2.2 Can robust cell assembly retrieval occur across learning and with increasingly degraded cues?

A CA3 SNN capable of pattern storage and retrieval allows the characterization of two central aspects of auto-associative memory: the amount of repetition (learning) required for an experience to be stored and appropriately recalled, and the impact on performance when cues are degraded. Addressing these issues requires a metric to quantify the extent of pattern recall. To this aim, we defined pattern reconstruction based on a previously developed approach (Guzman et al., 2021) relying on Pearson correlation coefficients (PCCs): if the output pattern PCCs were greater than the input pattern PCCs, then pattern completion occurred (Materials and Methods). Our pattern reconstruction metric adapts this index to capture the degree of pattern completion by scaling the PCCs relative to the maximum value of 1, and converting the result to a percentage to obtain an intuitive expression of performance accuracy (Supplementary Fig. 4).

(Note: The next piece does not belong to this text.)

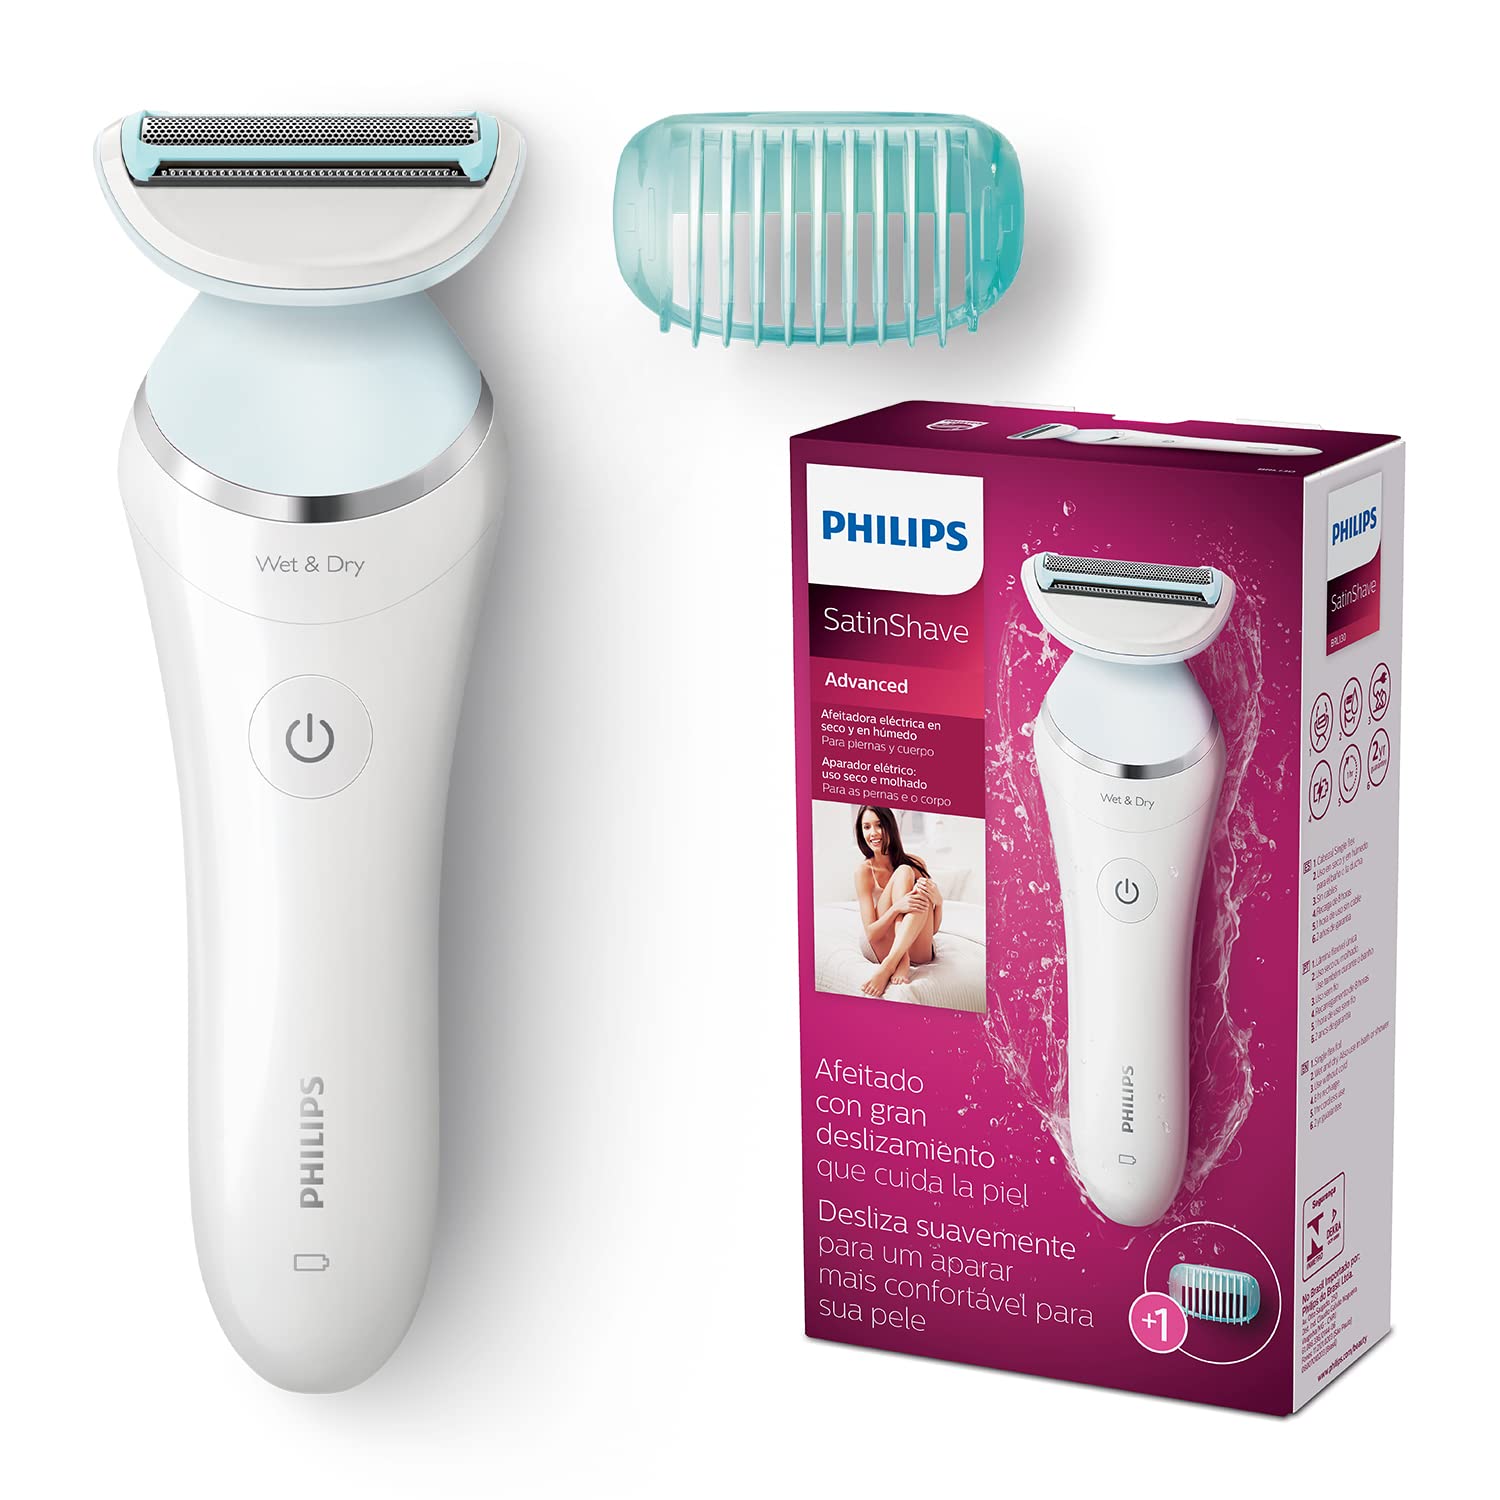 Philips SatinShave Advanced Wet and Dry Rechargeable Lady Shaver, Cordless Electric Razor with Bikini Attachment, BRL130/00

With pattern reconstruction defined, we turn to the first question. We trained the CA3 SNN in sets of 5 presentations of, again, three distinct input patterns, which in the prior example created three corresponding cell assemblies. After each set of 5 presentations, we stored the synaptic weight matrices of the network to enable separate testing with 50% degraded input patterns. Interestingly, non-zero pattern reconstruction occurred with as few as 15 presentations of input patterns (Fig. 4a). Based on the second derivative of the reconstruction accuracy, 40 pattern presentations corresponded to the inflection point of most effective learning. Furthermore, a pattern completion plateau emerged at 55 presentations, with 65 and 95 presentations providing the strongest reconstruction accuracies, indicating the best pattern retrieval.

Fig. 4
figure 4

The CA3 SNN is robust to pattern degradation across learning. (a) Pattern completion accuracy, quantified by pattern reconstruction with 50% pattern degradation, as a function of training. The star denotes the inflection point for most effective learning as defined by the second derivative of the accuracy curve, and the diamond and square denote the two best accuracy values on the plateau. (b) Reconstruction accuracy as a function of pattern degradation. With increased training, cell assemblies can withstand greater degradation of input patterns, but only up to the initial plateau. Results in both panels are from an assembly size of 275

Turning to the second question, we utilized network structures trained on 40, 65, and 95 pattern presentation sets to assess how increased pattern degradation (i.e., increasingly diminished pattern cues) impacted pattern retrieval. Remarkably, pattern reconstruction remained substantial until a steep drop-off at 70% pattern degradation, and only weak pattern reconstruction occurred with 95% pattern degradation for each of the three network structures (Fig. 4b). Additionally, the similar performance of networks trained on 65 and 95 input repetitions highlighted that training beyond the initial plateau does not improve performance at more extreme pattern degradations.

Taken together, these results show that the CA3 SNN reliably encoded and retrieved patterns after as few as 40 presentation sets and upon reactivation of only a minority of PCs belonging to a cell assembly.

2.3 What assembly sizes can support pattern completion?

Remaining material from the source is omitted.